Four Corners also reported that: “Three former Labor ministers … believe that Daniel Andrews was too close to Crown. One said money laundering was not properly discussed at cabinet level, and that the premier had a history of shutting down conversations relating to gambling policy or Crown casino. Another senior Labor figure said it was well known in the party room that you don’t upset the Packers or Crown, that you always have to keep them sweet.”

Andrews denies the claims, but his only defence is that he finally called a royal commission in February — more than 18 months after Nine newspapers exposed Crown’s links with organised crime, and weeks after the Bergin inquiry found Crown unsuitable to hold a casino licence in Sydney. And even then Andrews omitted the performance of the regulator from the terms of reference — akin to Prime Minister Scott Morrison telling Kenneth Hayne the banking royal commission couldn’t look at the performance of ASIC or APRA.

Political donations and the employment of politically connected executives have bought a cowed, underresourced regulator and a political protection racket for a powerful corporation. It’s corruption of exactly the same kind displayed by the Liberal Party in Canberra when it ran a protection racket for the big banks that enabled money laundering, ruined lives and industrial-scale rip-offs. And Andrews and the Victorian Labor Party are right at the centre of it.

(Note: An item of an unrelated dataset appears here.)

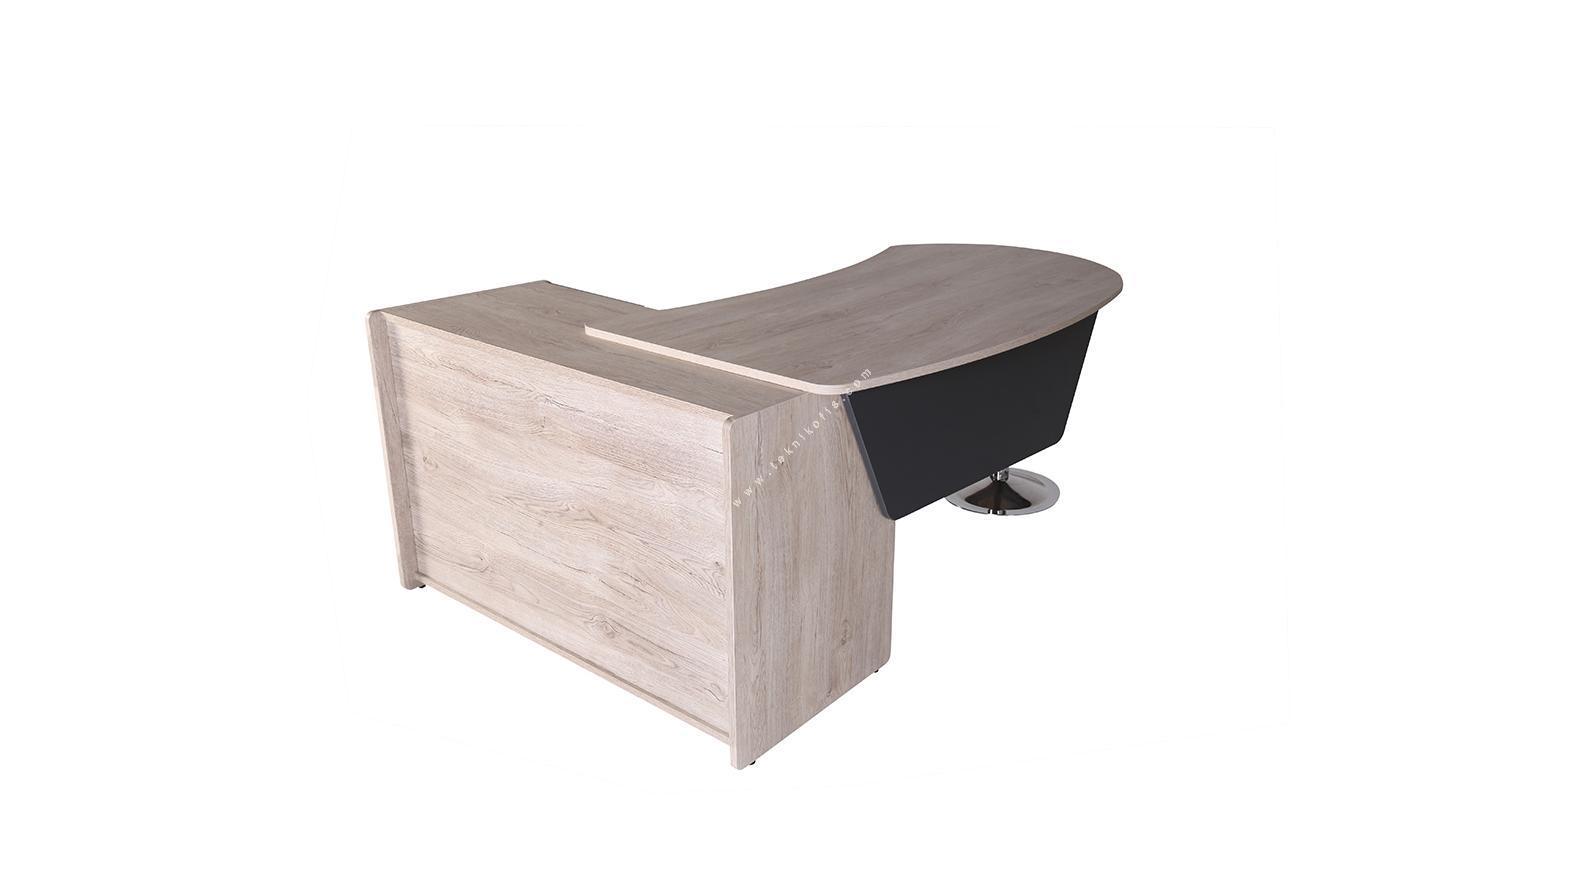 kolena sağ etajerli yönetici masası 180cm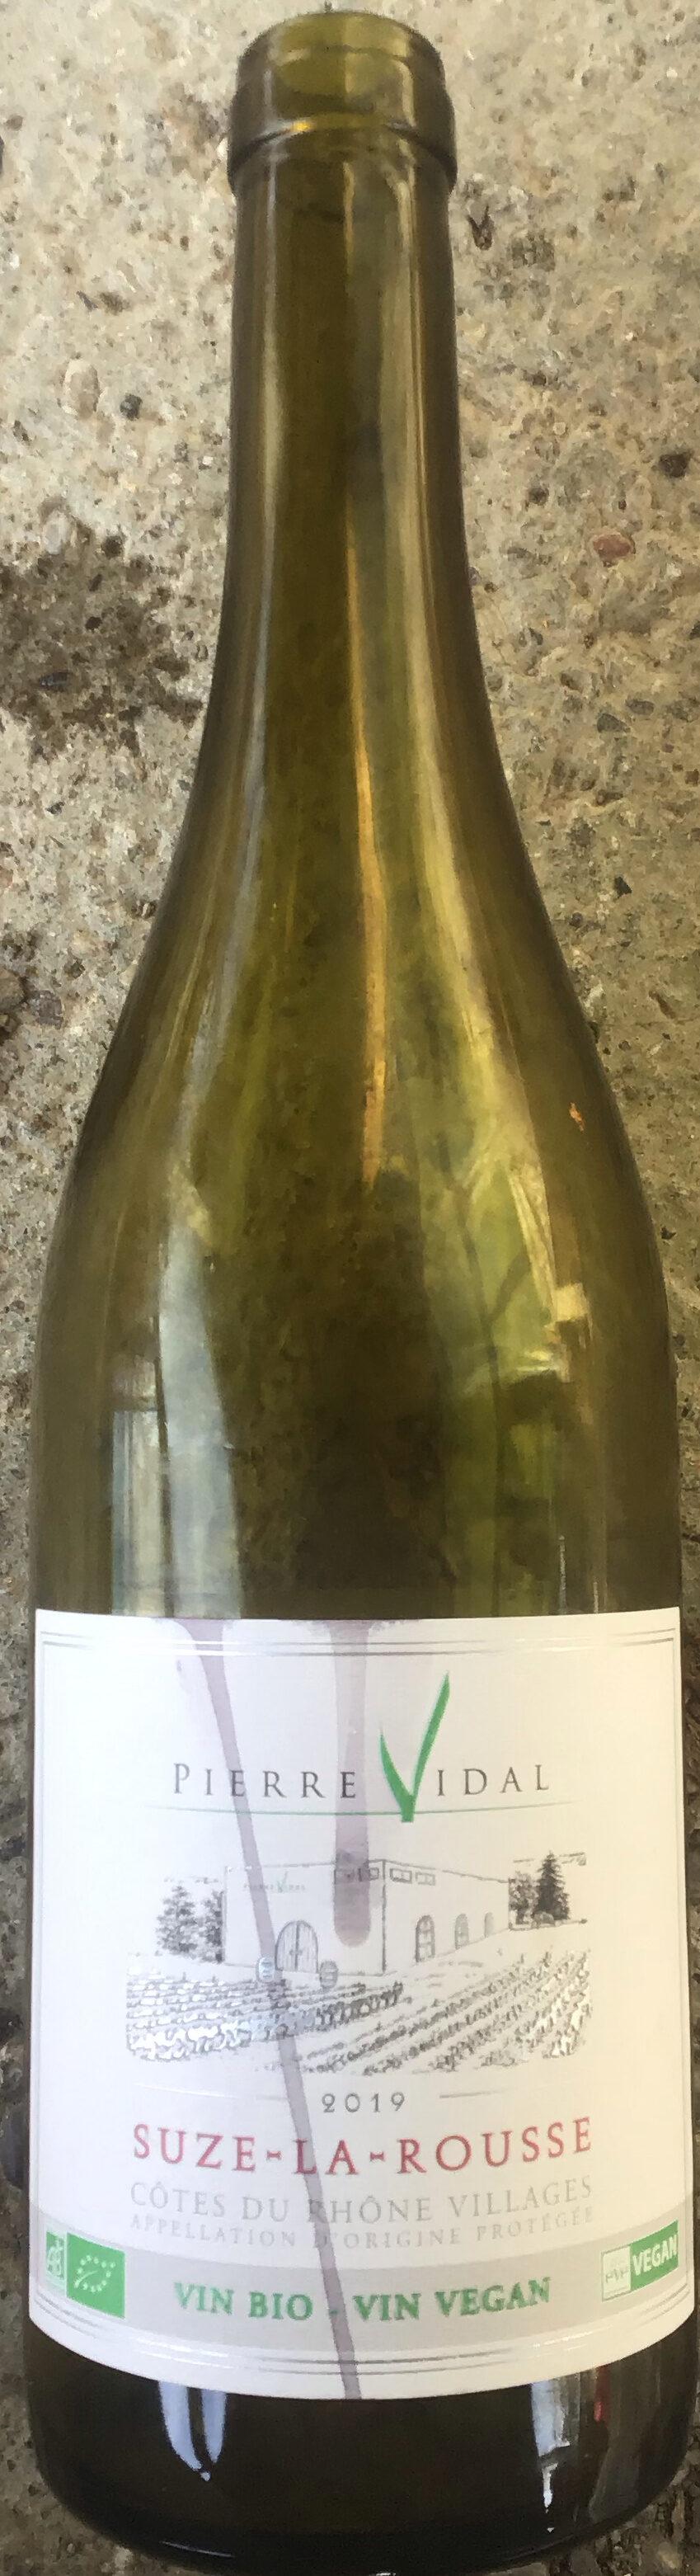 Suze-la-Rousse 2019 - Product - fr

Labor supporters will argue, correctly, that if the Victorian Liberals were in office the same corruption would occur. Indeed, Crown has donated more to that party than Labor. But that simply illustrates how political donations, and the employment of politically connected people, are the systemic issue.

The mistake around political donations is to see them as directly transactional: X donation on a certain date being provided in exchange for Y political favour. As Paul Frijters and Cameron Murray argue in Games of Mates, donations aren’t transactional in that way, but instead act as investments, or signals between parties with shared interests about the indirect exchange of favours within a group.

Donations, particularly large donations that ensure you have direct contact with decision-makers, buy a spot in the club of like-minded interests, with a shared assumption that such investments will be repaid in time, even if not directly, and even if not always exactly as hoped. Employing former staffers, former bureaucrats and former politicians is another form of investment, because it signals to current decision-makers that they’ll be rewarded in the future — again without any direct transaction.

Regulating this kind of soft corruption is enormously hard, but ending political donations, and more tightly regulating the post-public life employment of public officials, will limit two of the most obvious mechanisms by which favours are exchanged.

Murray argues elsewhere that the only truly effective reform is to remove the incentives to establish such structures in the first place, either by removing the windfalls available to those who secure regulatory favour, or by introducing genuinely independent decision-makers rather than elected officials.

Without such reforms — with only the kneejerk regulatory reaction designed to placate the political crisis brought on by a corporation exploiting its power too blatantly — we can be sure there will be future Andrews and future Crowns accommodating one another. The system is structured that way.